Is there a minimum number of shareholders required to form an S-Corp in Oregon?
No, there is no minimum number of shareholders required to form an S-Corp in Oregon.
What are the reporting requirements for an S-Corp in Oregon?
An S-Corp in Oregon must file an annual report with the Oregon Secretary of State and must file taxes with the Oregon Department of Revenue.

Also Read

Why Oregon S Corporation is So Important

So, why is the Oregon S Corporation so important for aspiring entrepreneurs and small business owners? Let’s break it down.

First and foremost, the S Corporation provides a great deal of flexibility when it comes to taxes. Unlike a traditional C Corporation, an S Corporation is not subject to double taxation. This means that the business itself is not taxed on its income – instead, the profits and losses are passed through to the shareholders, who report them on their individual tax returns. This can result in significant tax savings for business owners, allowing them to keep more of their hard-earned money.

Additionally, the S Corporation allows for great flexibility when it comes to ownership and structure. While traditional C Corporations are limited in the number and type of shareholders they can have, S Corporations are much more lenient. This can be particularly advantageous for small businesses that want to have more than 100 shareholders or have non-U.S. citizens or entities as shareholders.

Furthermore, the S Corporation provides protection for the personal assets of its shareholders. In the event that the business incurs debts or faces legal action, the personal assets of the shareholders are generally protected. This can provide peace of mind for business owners who want to protect their personal finances from potential risks associated with their business.

Another key benefit of the Oregon S Corporation is the ability to attract investors. By structuring their business as an S Corporation, entrepreneurs can offer investors the potential for tax-free income, making their investment more appealing. This can help small businesses secure the funding they need to grow and expand, ultimately leading to greater success in the long run.
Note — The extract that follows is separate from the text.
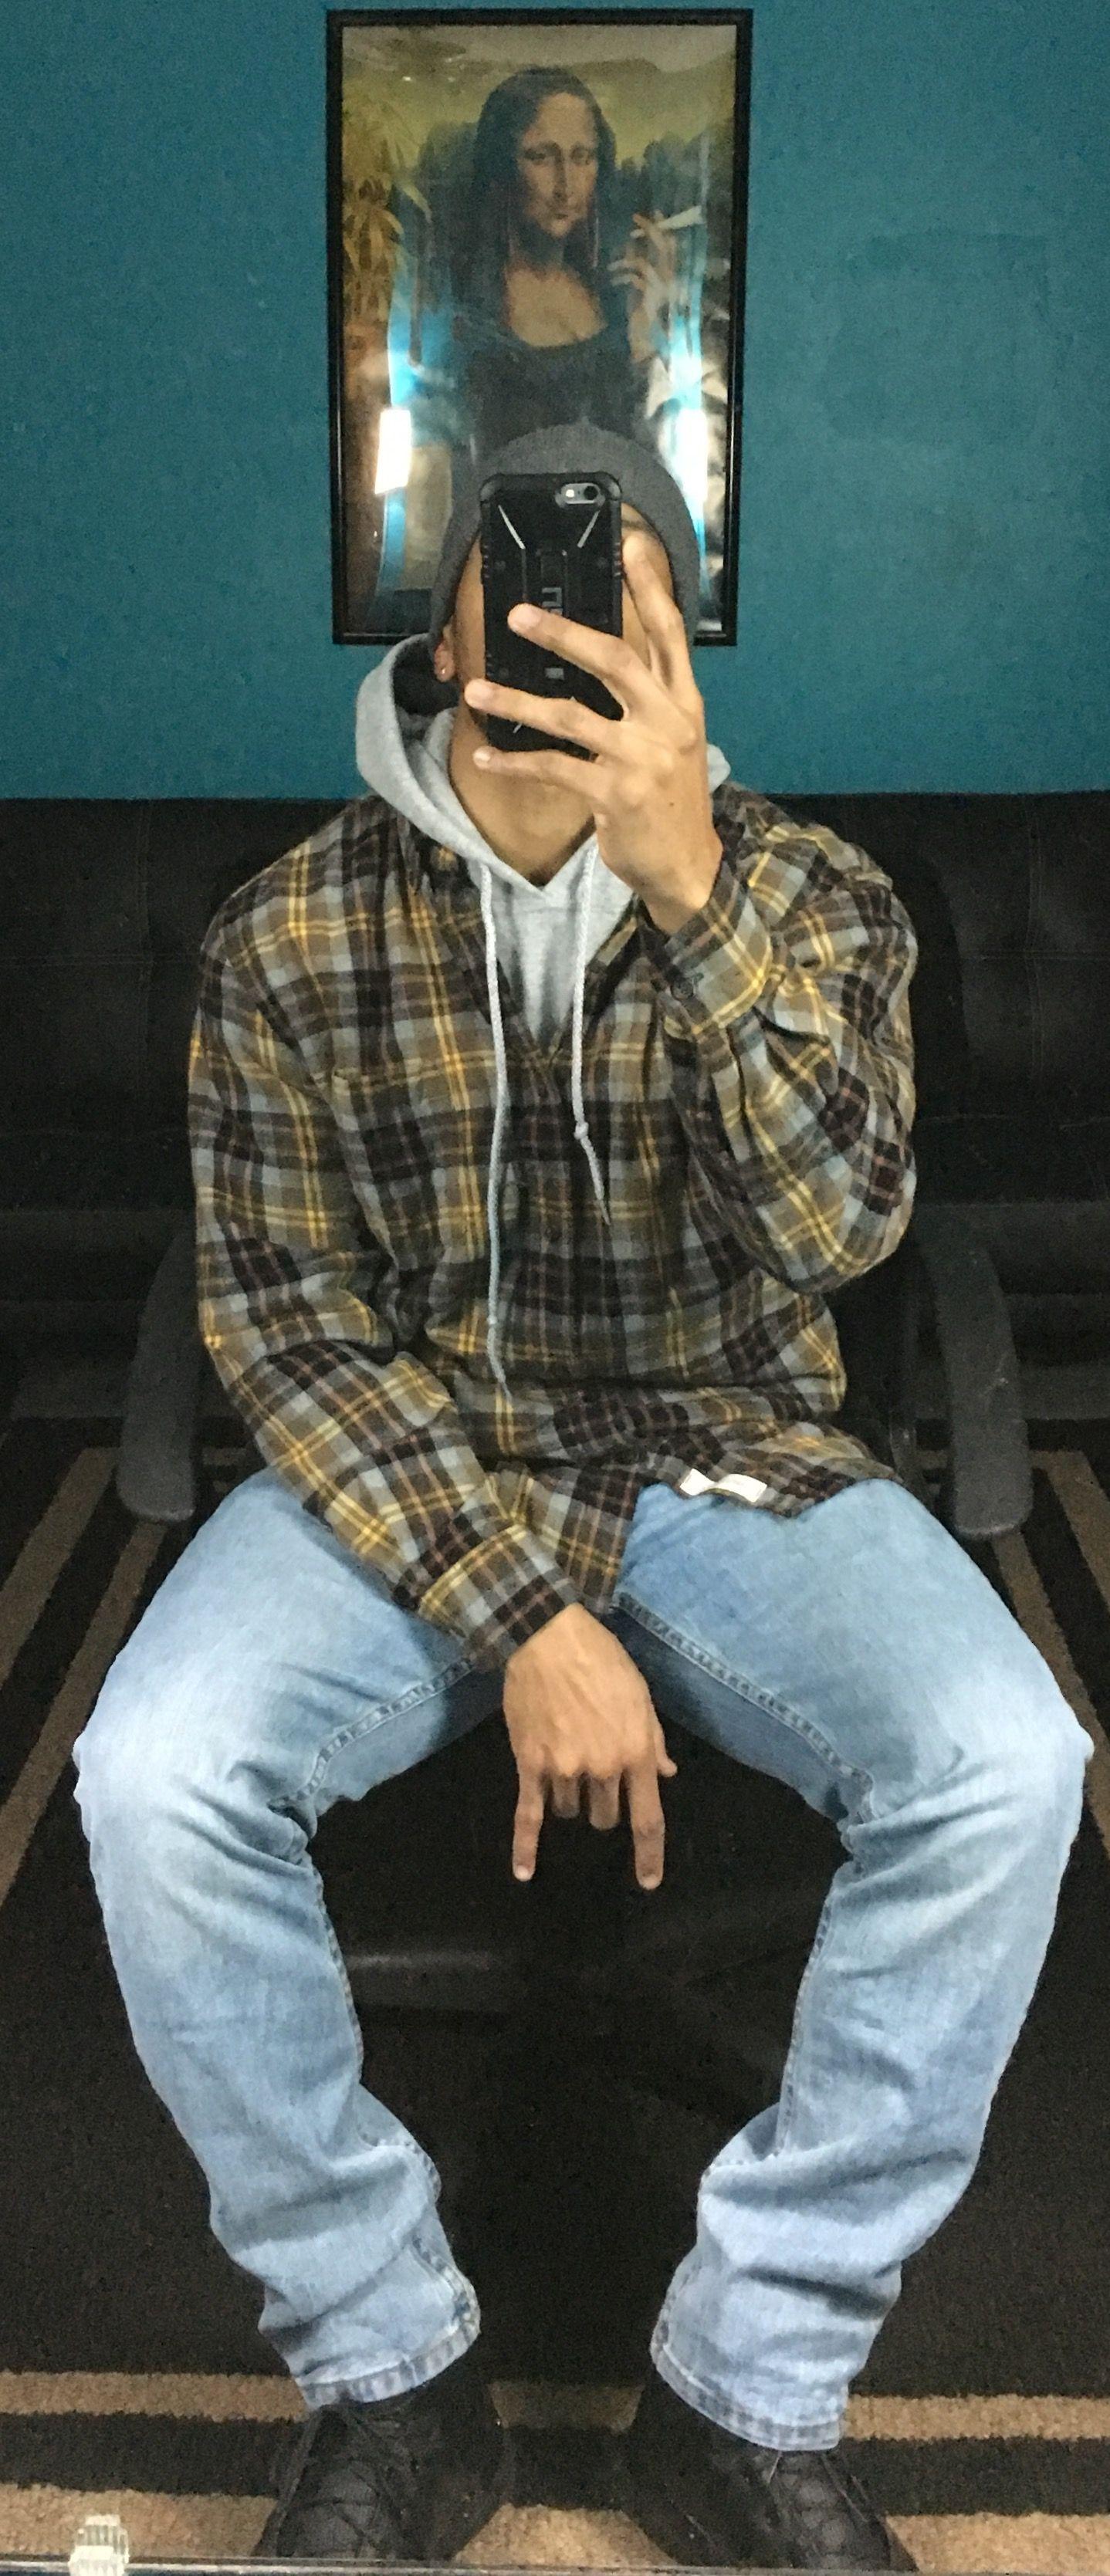 3e13aad09f2 Eye-Opening Unique Ideas: Urban Fashion Chic Boyfriend Jeans urban wear for  men hats.Urban Wear Grunge urban wear hip hop fashion.Urban Fashion Chic  Adidas ...
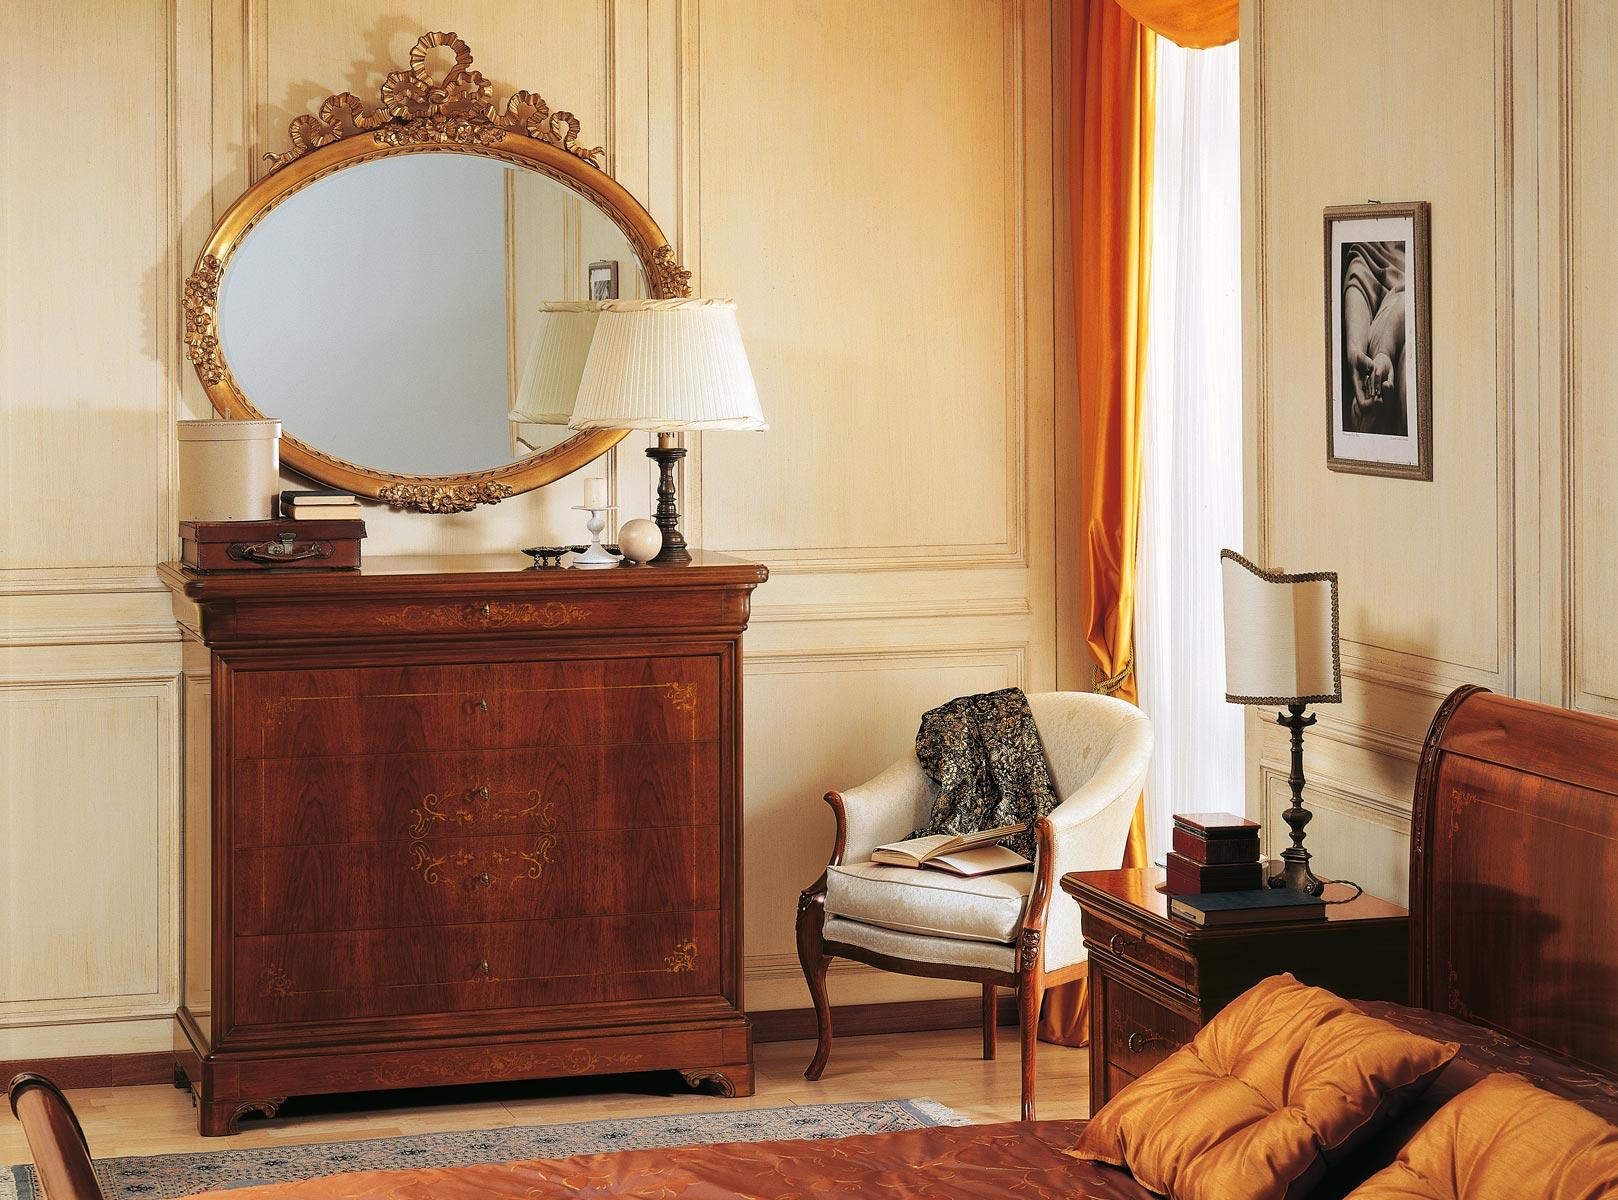 Camera da letto 800 francese com intarsiato e specchiera - Camera da letto in francese ...

In addition to these financial benefits, the Oregon S Corporation also offers simplified compliance requirements. Compared to C Corporations, S Corporations have fewer formalities and paperwork to deal with. This can save small business owners time and resources, allowing them to focus on running and growing their businesses rather than getting bogged down in administrative tasks.

Overall, the Oregon S Corporation is a valuable option for small businesses looking to maximize their financial flexibility, protect their personal assets, attract investors, and simplify their compliance requirements. By choosing this business structure, entrepreneurs can set themselves up for success and ensure that their businesses are well-positioned for growth in the future.

Conclusion

In conclusion, starting an S-corp in Oregon is a strategic choice for entrepreneurs seeking the benefits of limited liability and favorable tax treatment. One can successfully establish an S-corp by following the outlined steps, including selecting a unique name, filing the Articles of Incorporation, obtaining necessary licenses, and adhering to state-specific regulations. Ultimately, this corporate structure offers a strong foundation for business growth and protection, making it a worthwhile consideration for those looking to launch a venture in Oregon.